An exact copy of every record is needed, with all pictures omitted.

[PROVIDED RECORDS Boundary: Start]

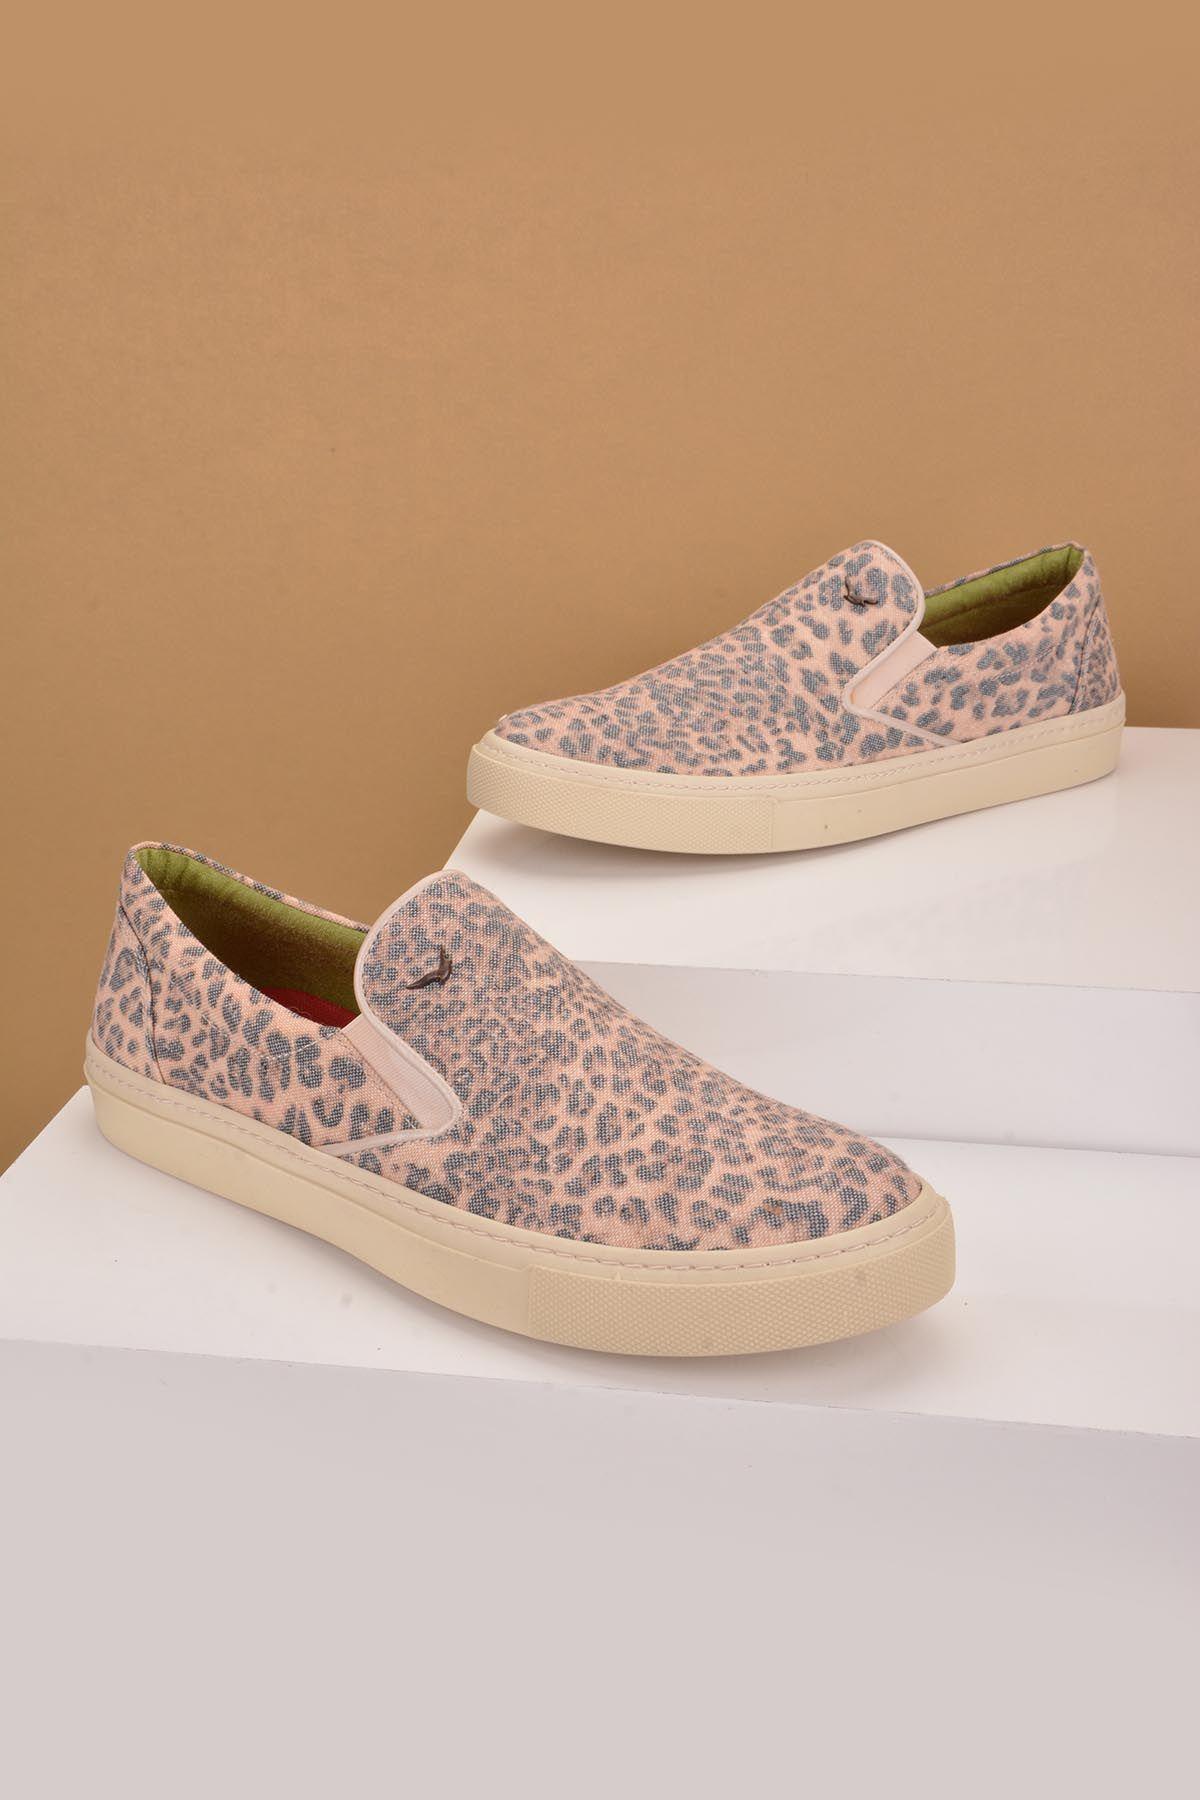 Art Goya Women Sneakers From Linen With Leopard Printing Powdery
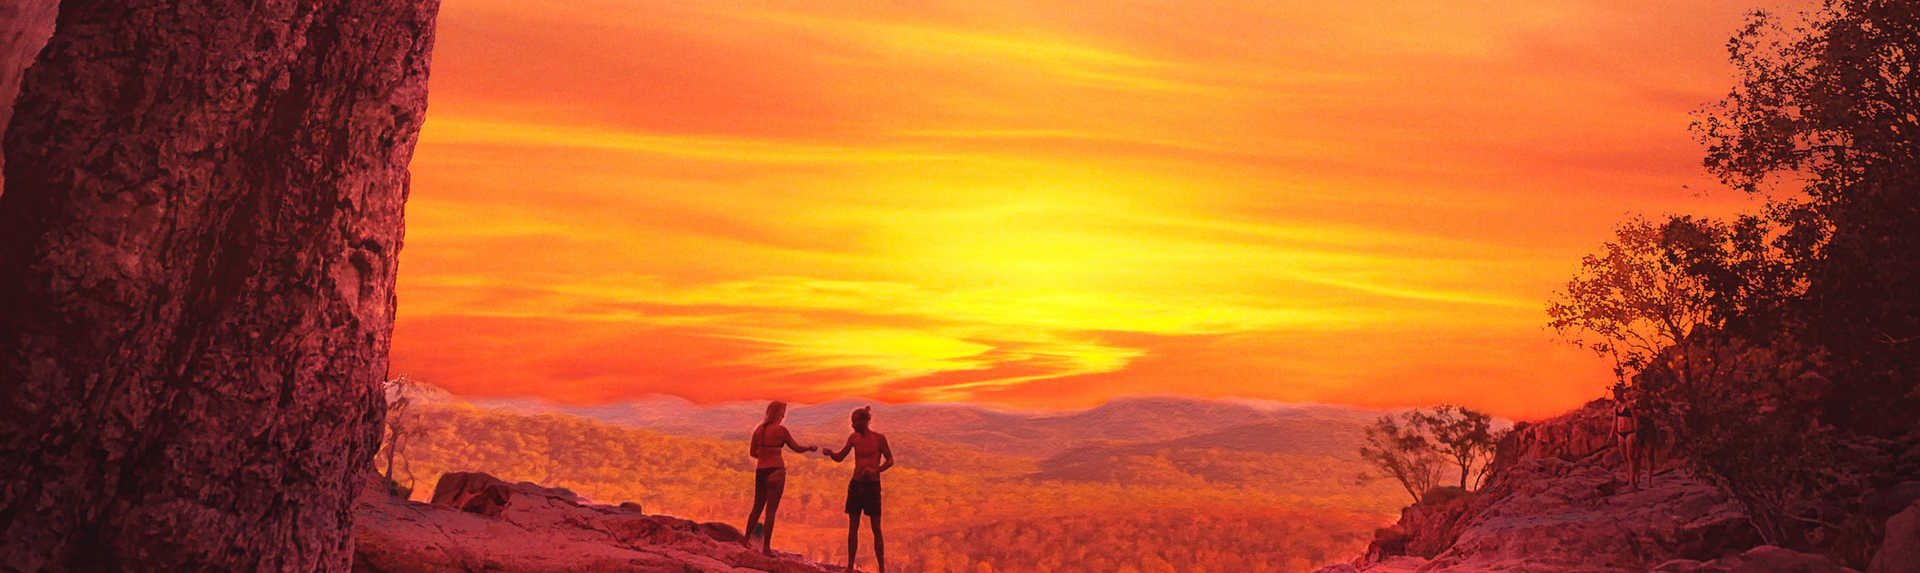 How Many Hours Drive is it from Darwin to Kakadu?
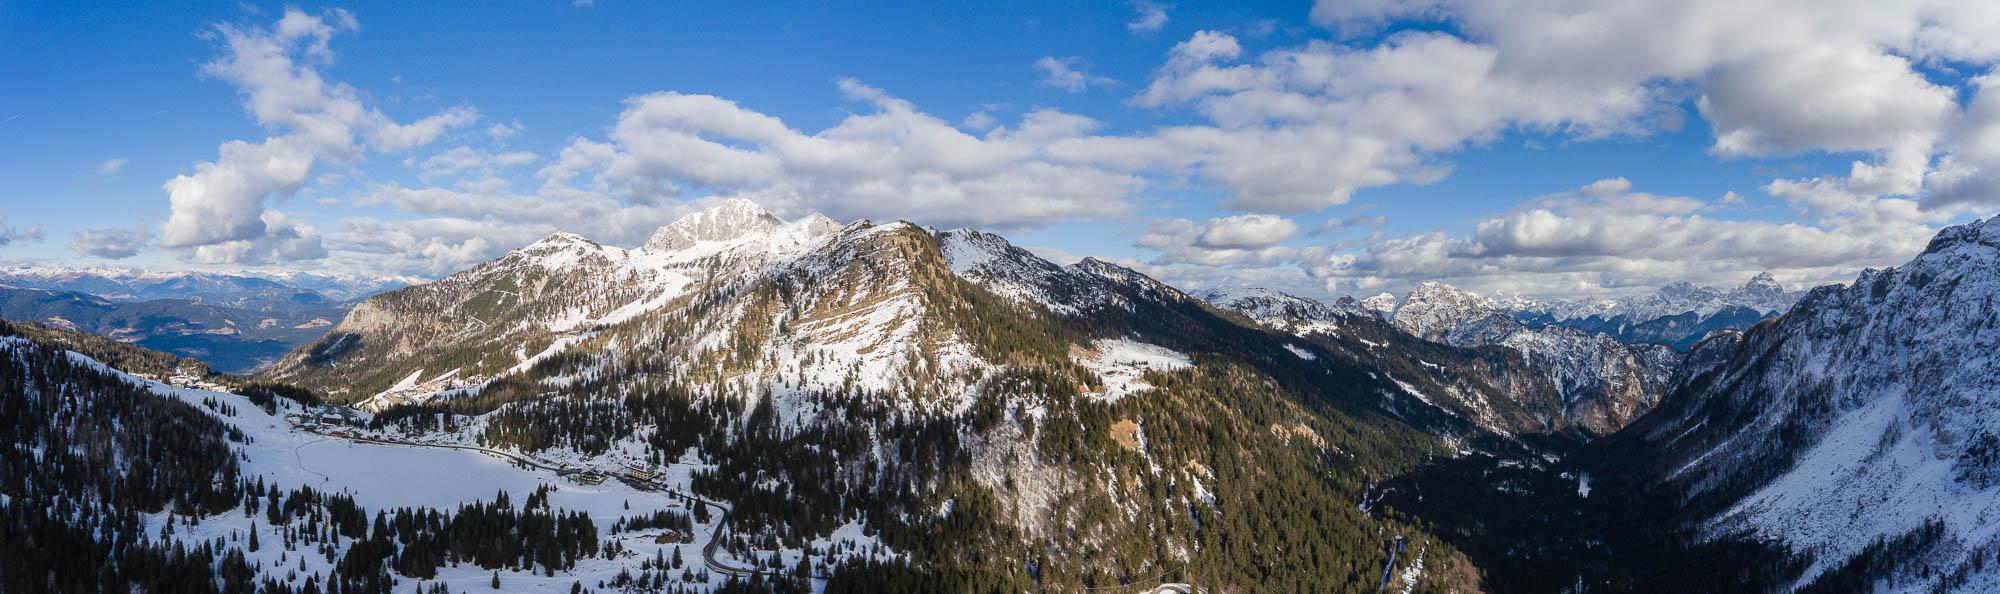 Nassfeld Panorama - www.jusmedic.com
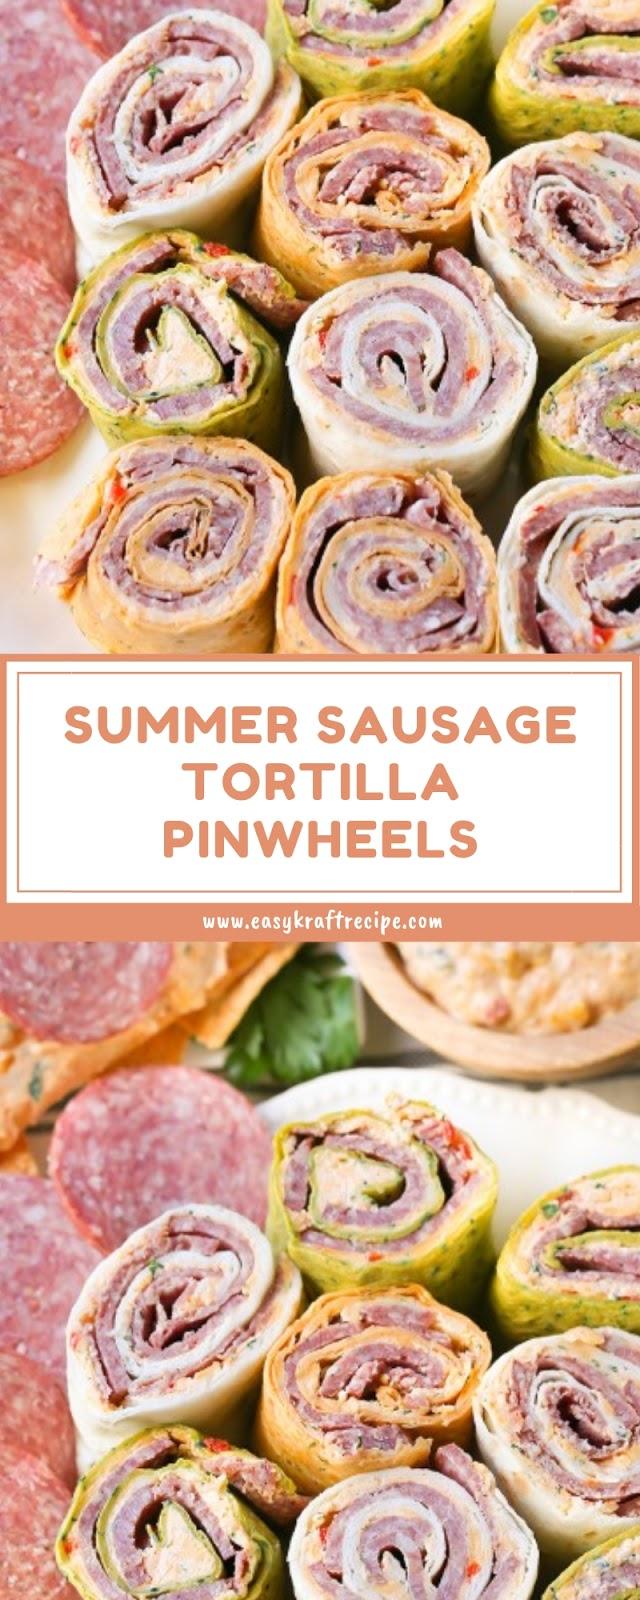 SUMMER SAUSAGE TORTILLA PINWHEELS
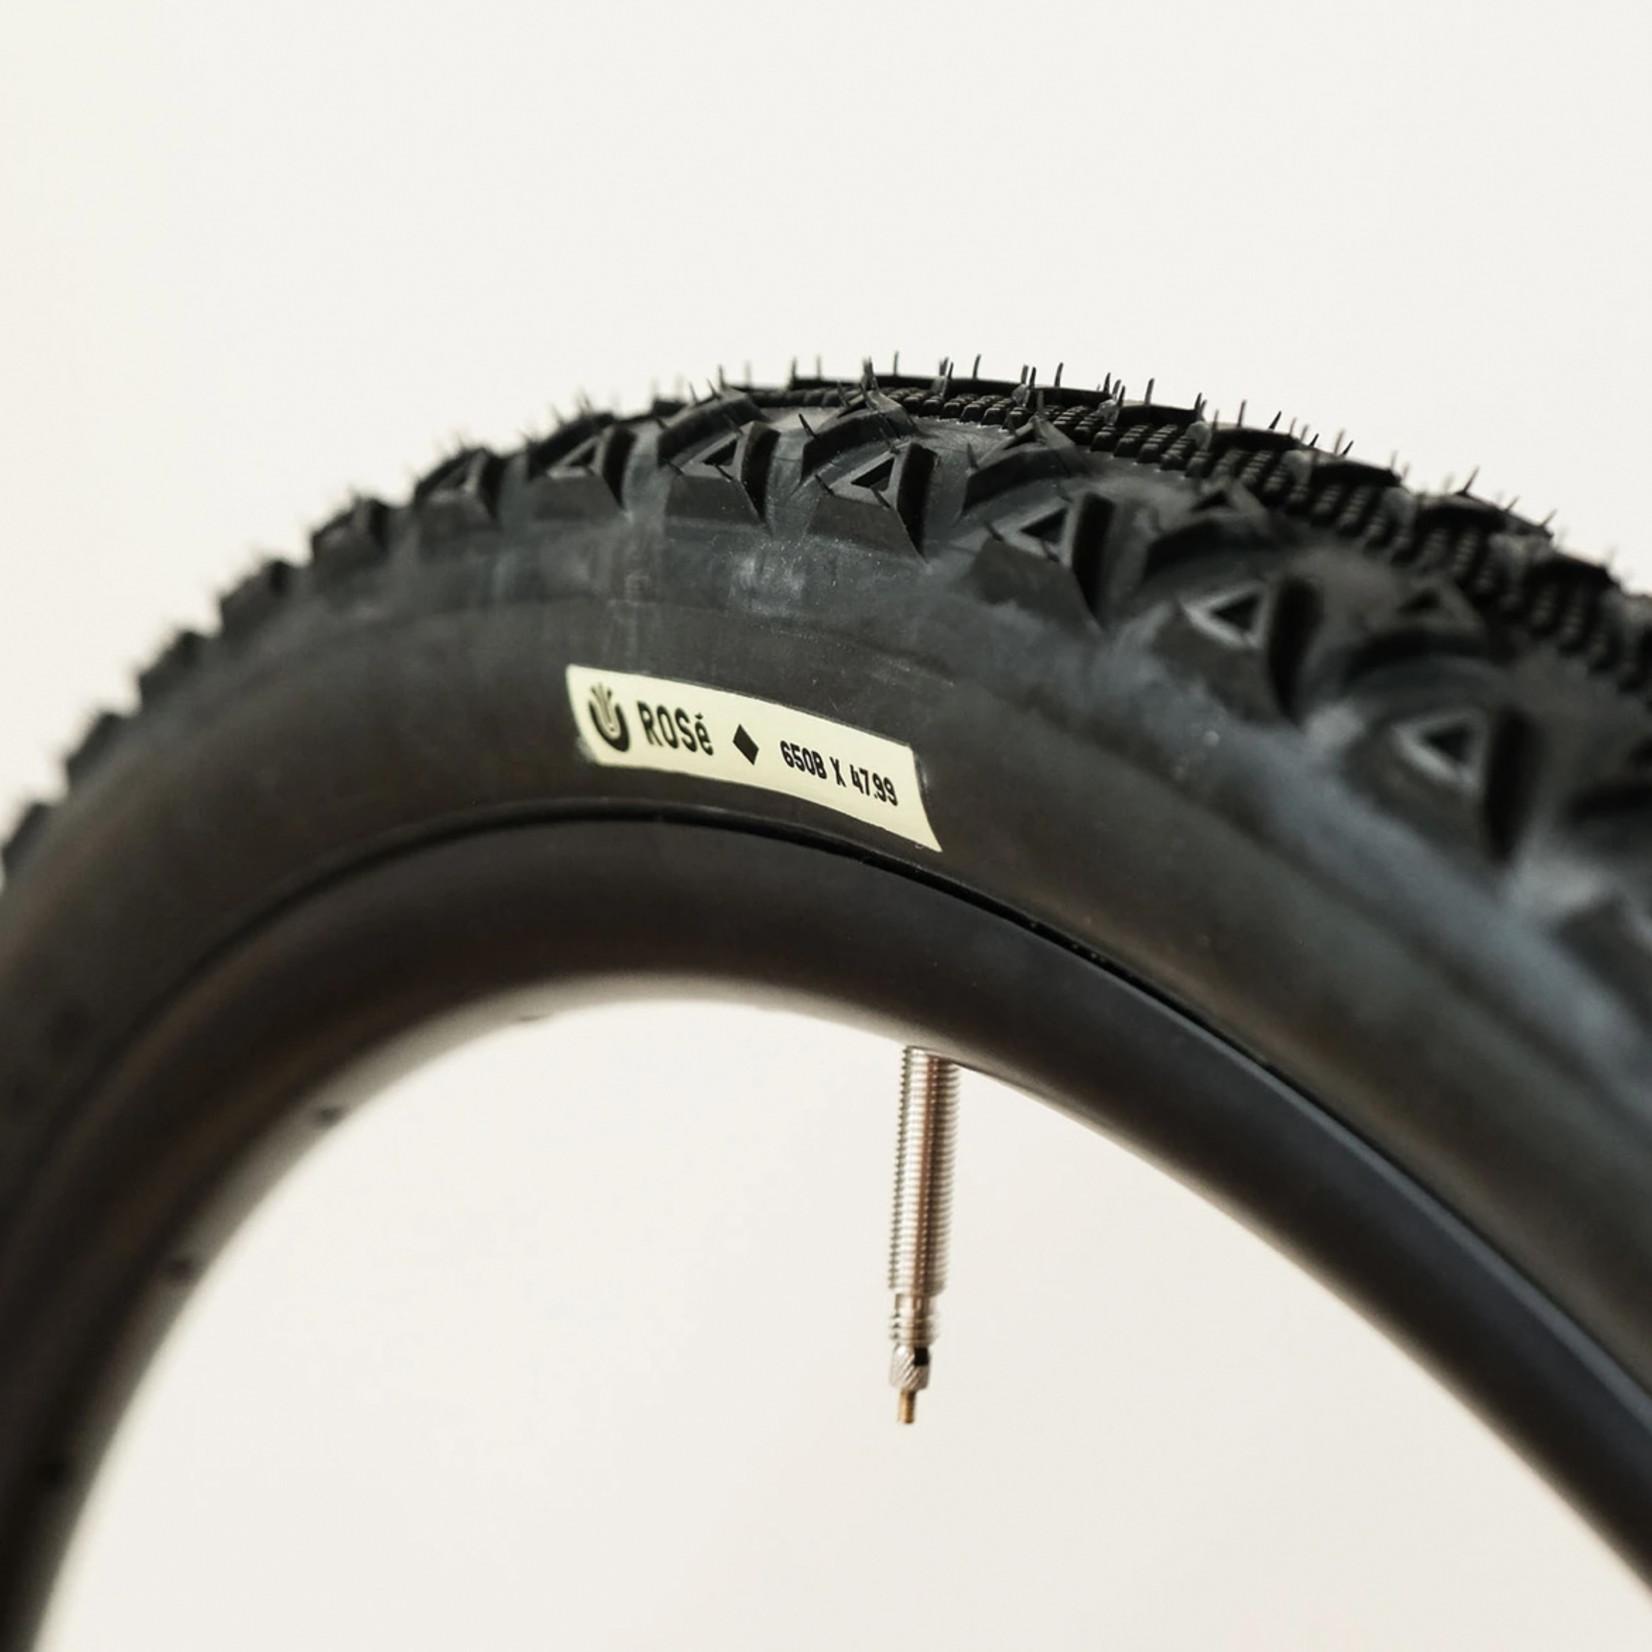 Ultradynamico Tires - Rose Robusto - 650b x 48

[PROVIDED RECORDS Boundary: End]

* TASK ANSWER
 Art Goya Women Sneakers From Linen With Leopard Printing Powdery
 How Many Hours Drive is it from Darwin to Kakadu?
 Nassfeld Panorama - www.jusmedic.com
 SUMMER SAUSAGE TORTILLA PINWHEELS
 Ultradynamico Tires - Rose Robusto - 650b x 48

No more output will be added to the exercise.